Problem description
Word for word, print out all of the data, omitting every image.

Data block
◇ ◇ ◇

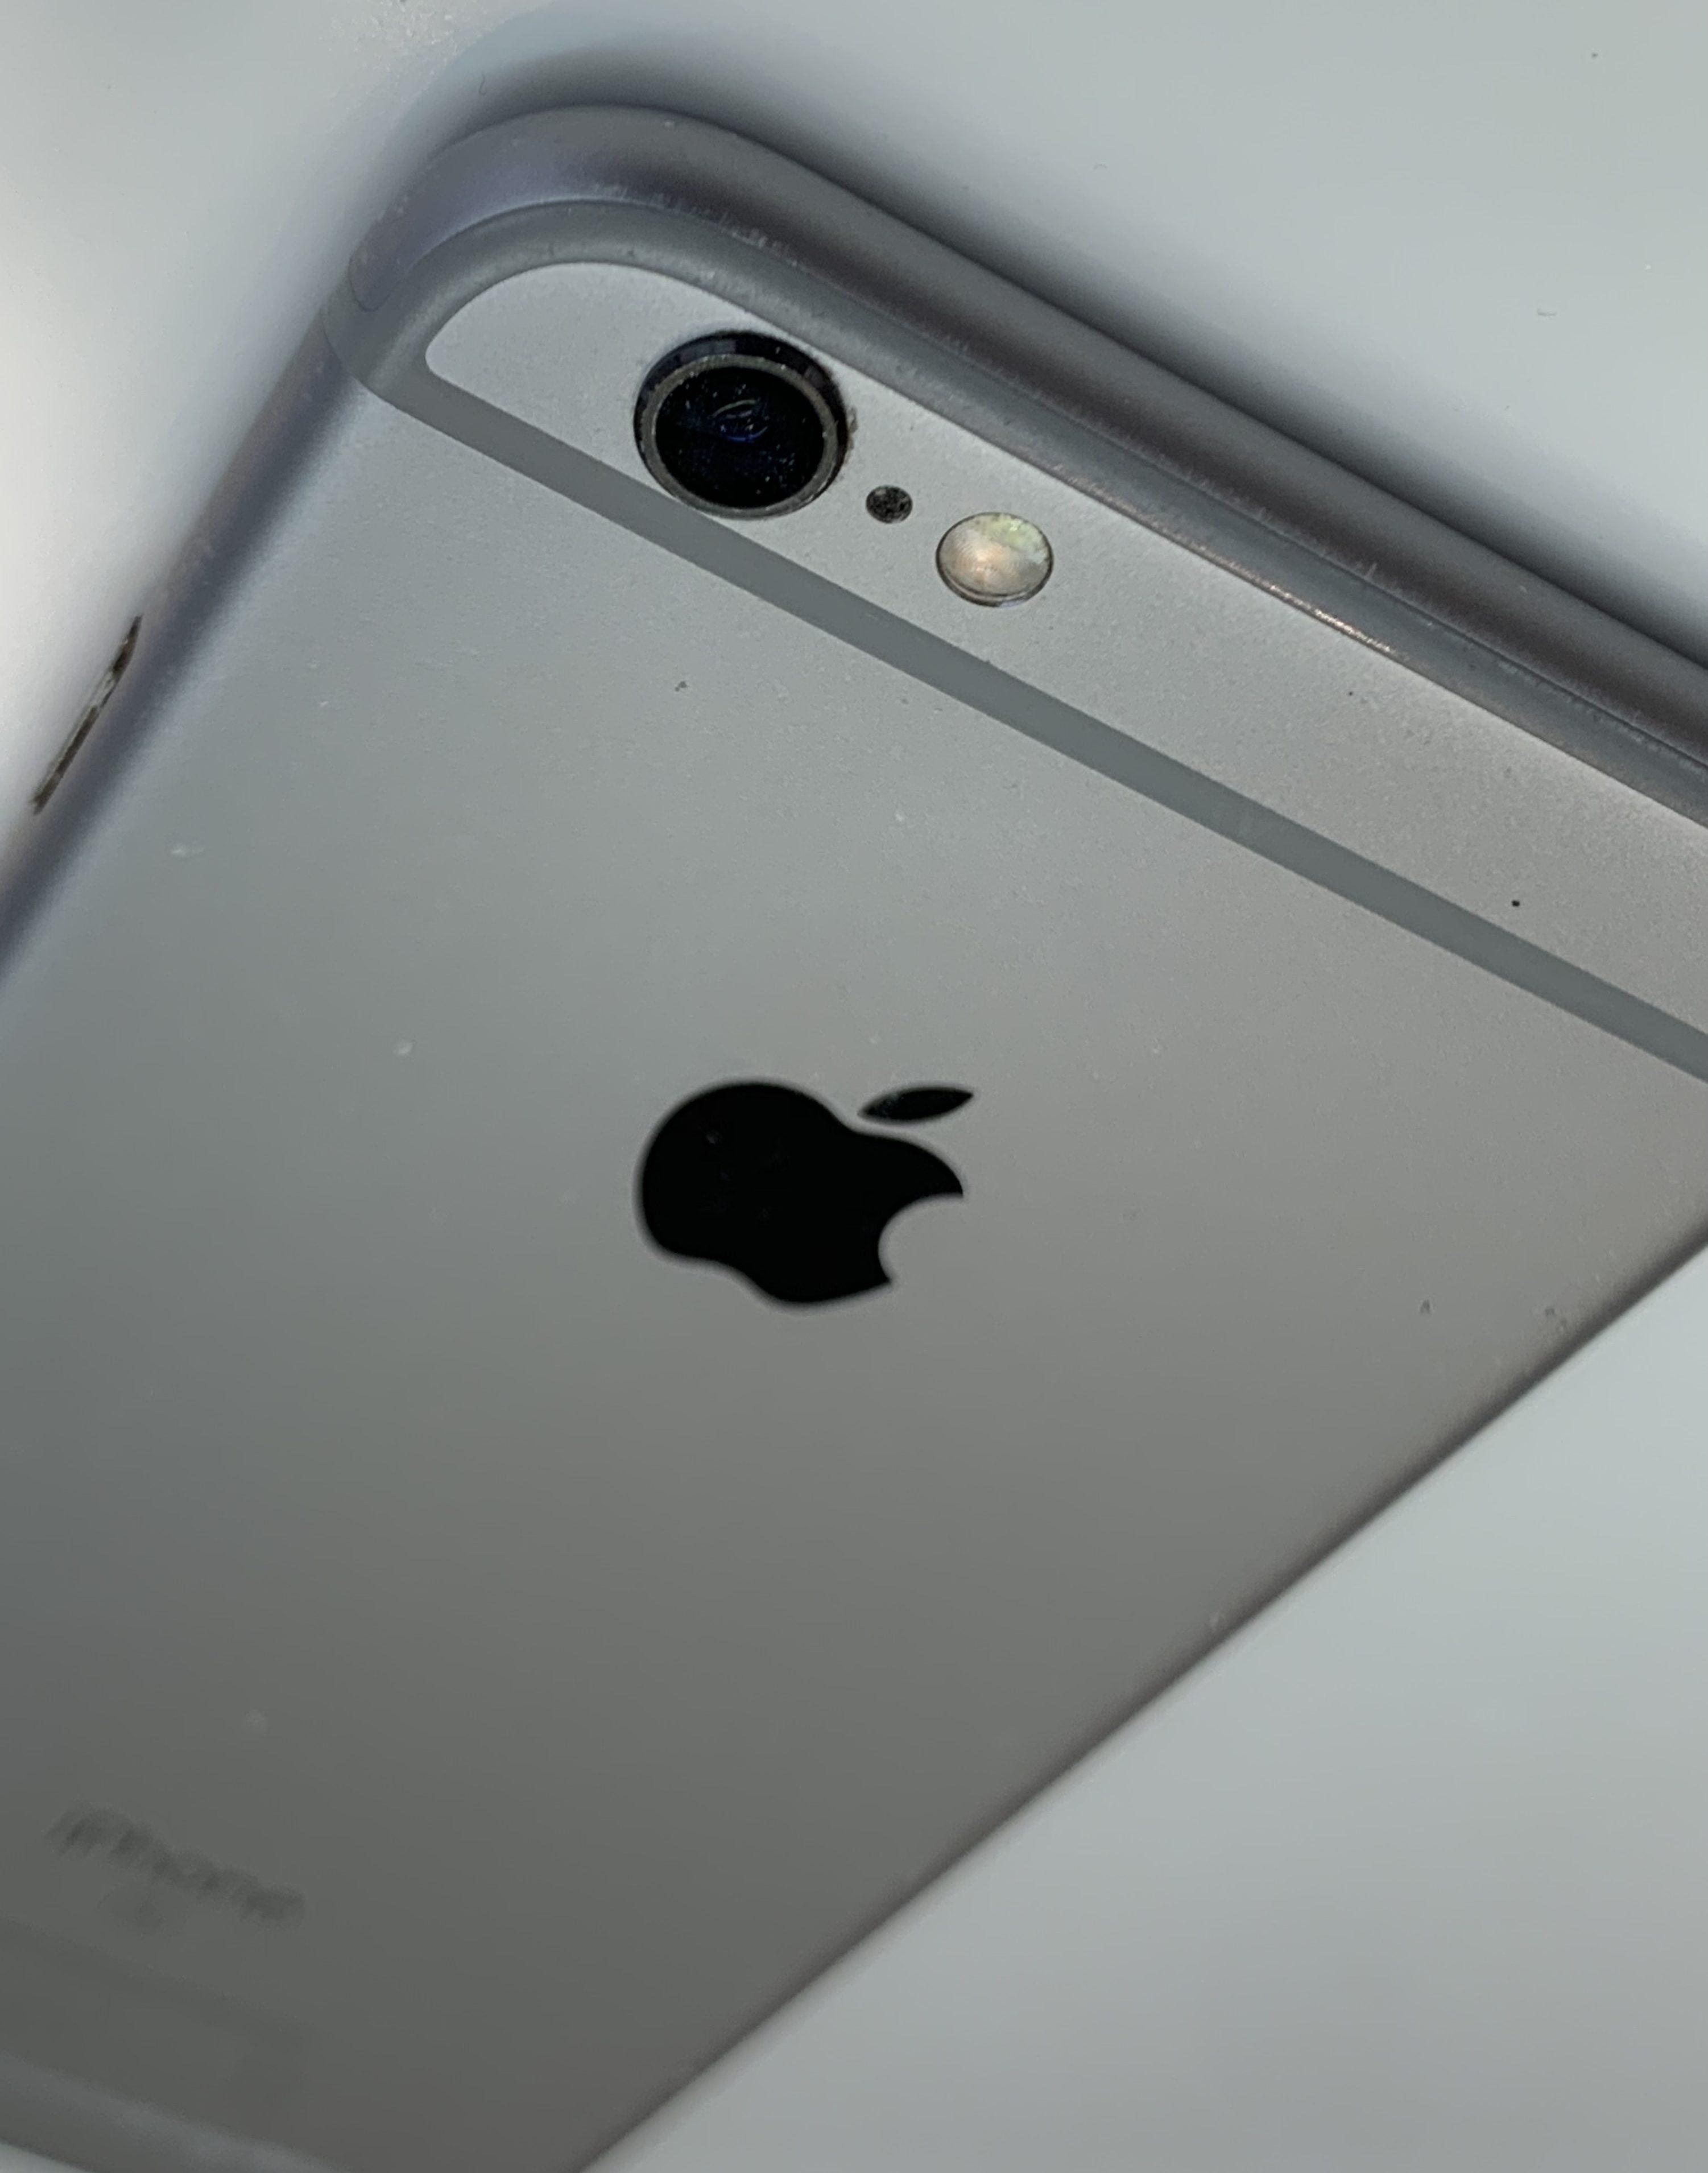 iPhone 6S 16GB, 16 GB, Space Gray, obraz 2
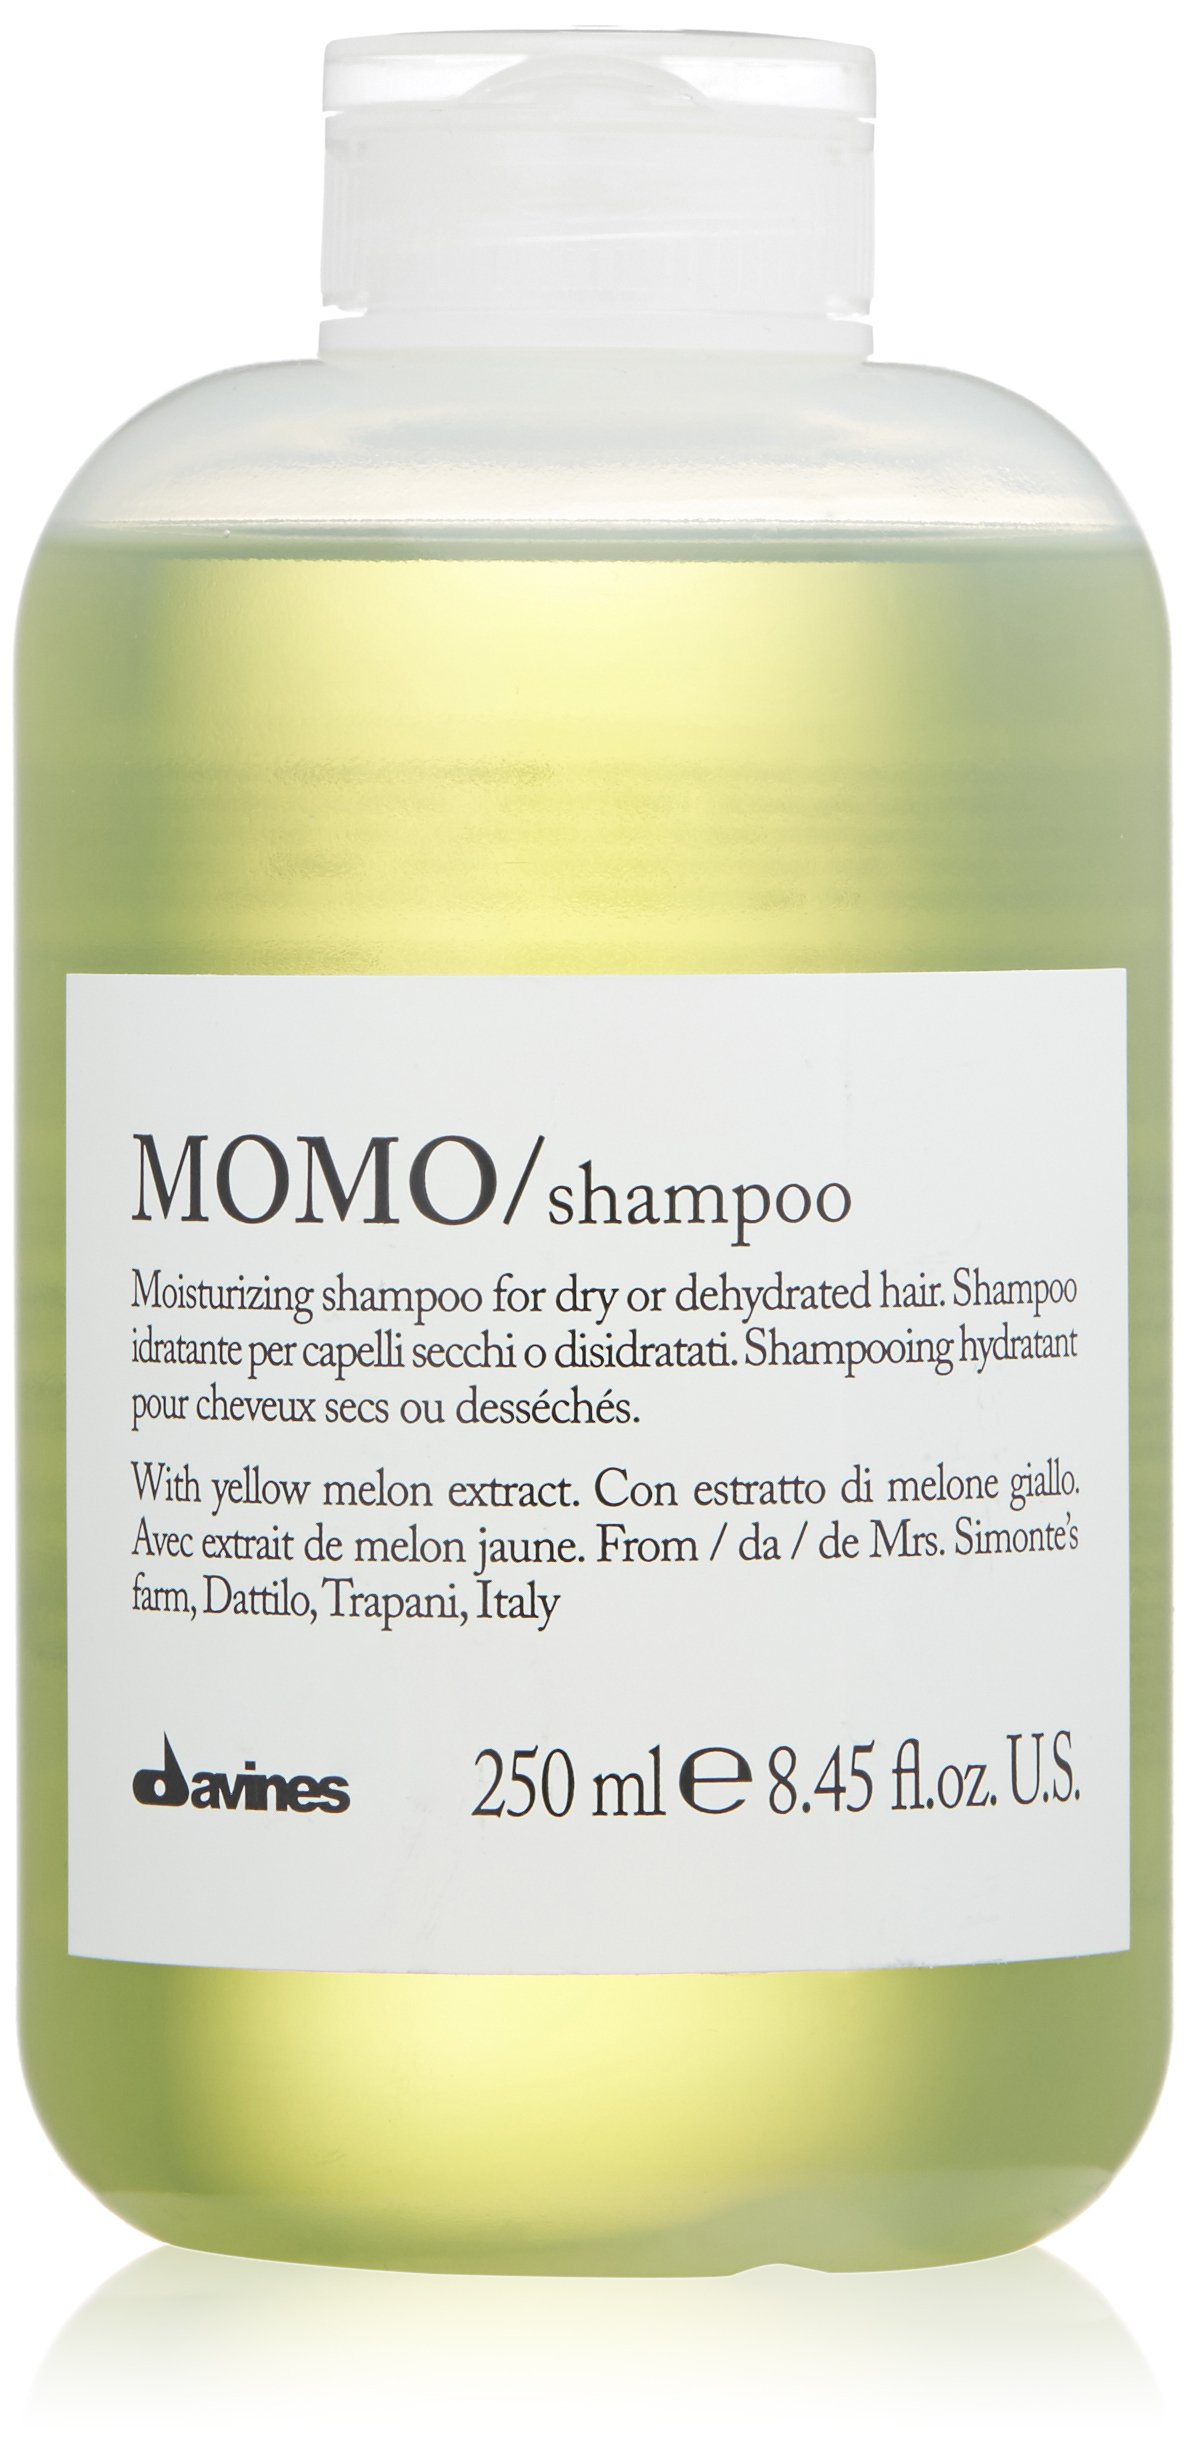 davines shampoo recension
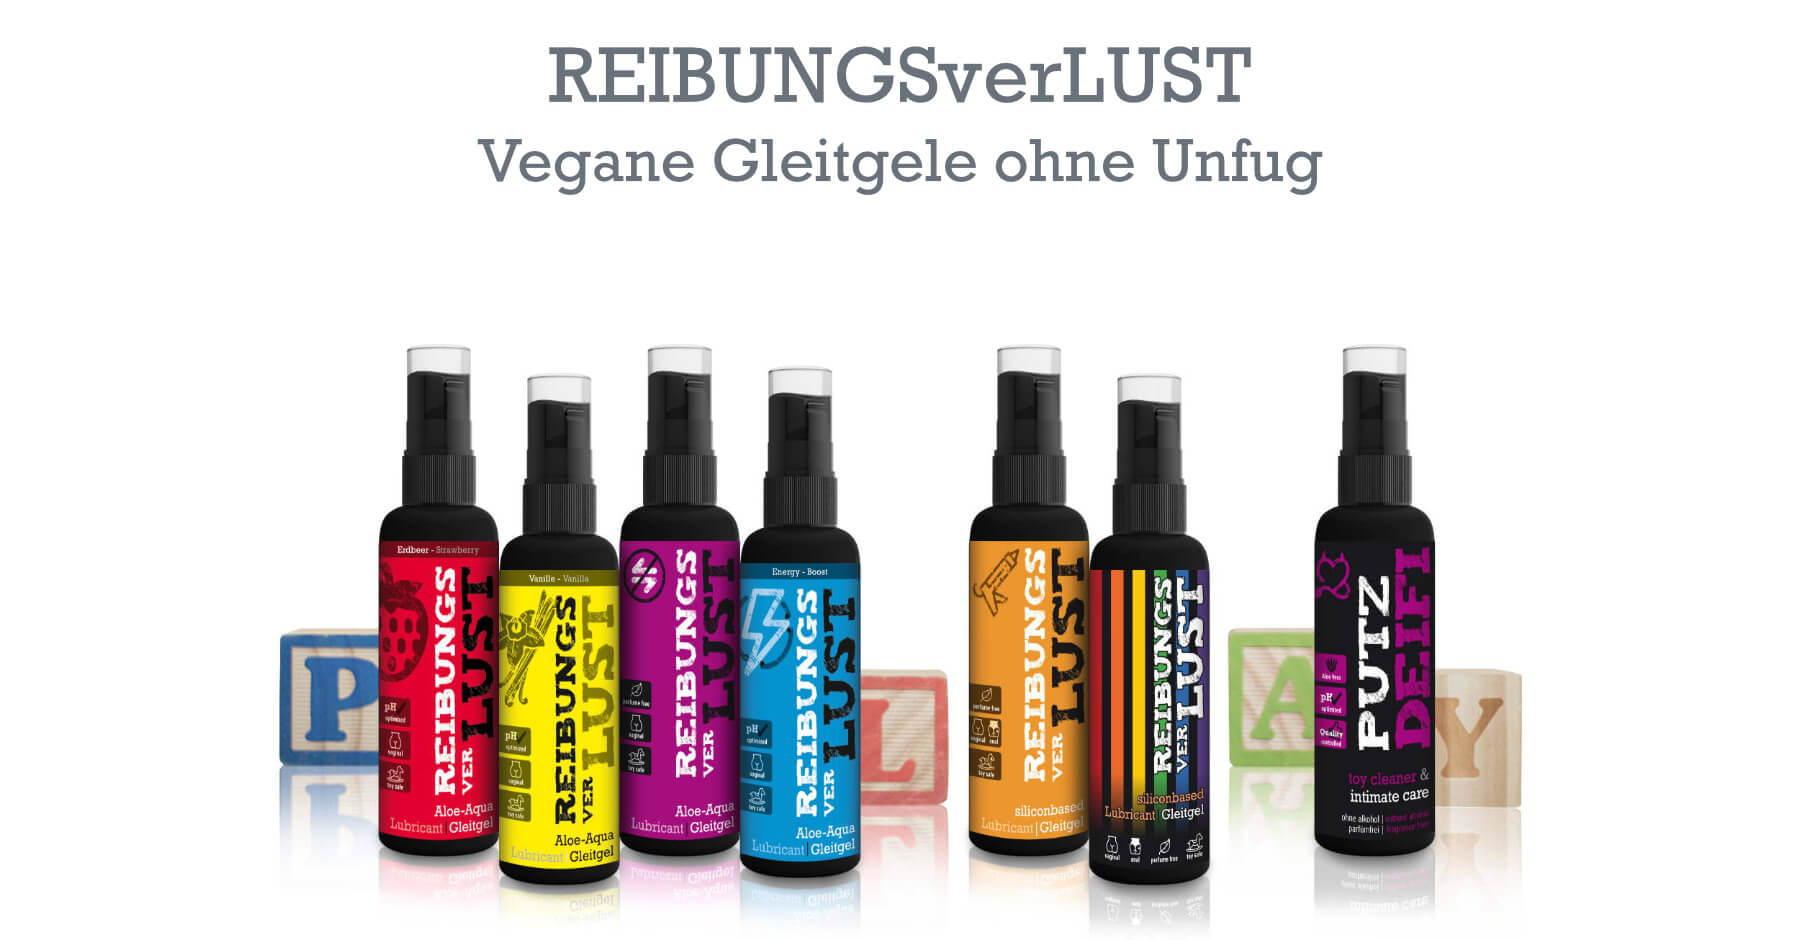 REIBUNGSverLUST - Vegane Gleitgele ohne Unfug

◇ ◇ ◇

Expected answer
 iPhone 6S 16GB, 16 GB, Space Gray, obraz 2
 davines shampoo recension
 REIBUNGSverLUST - Vegane Gleitgele ohne Unfug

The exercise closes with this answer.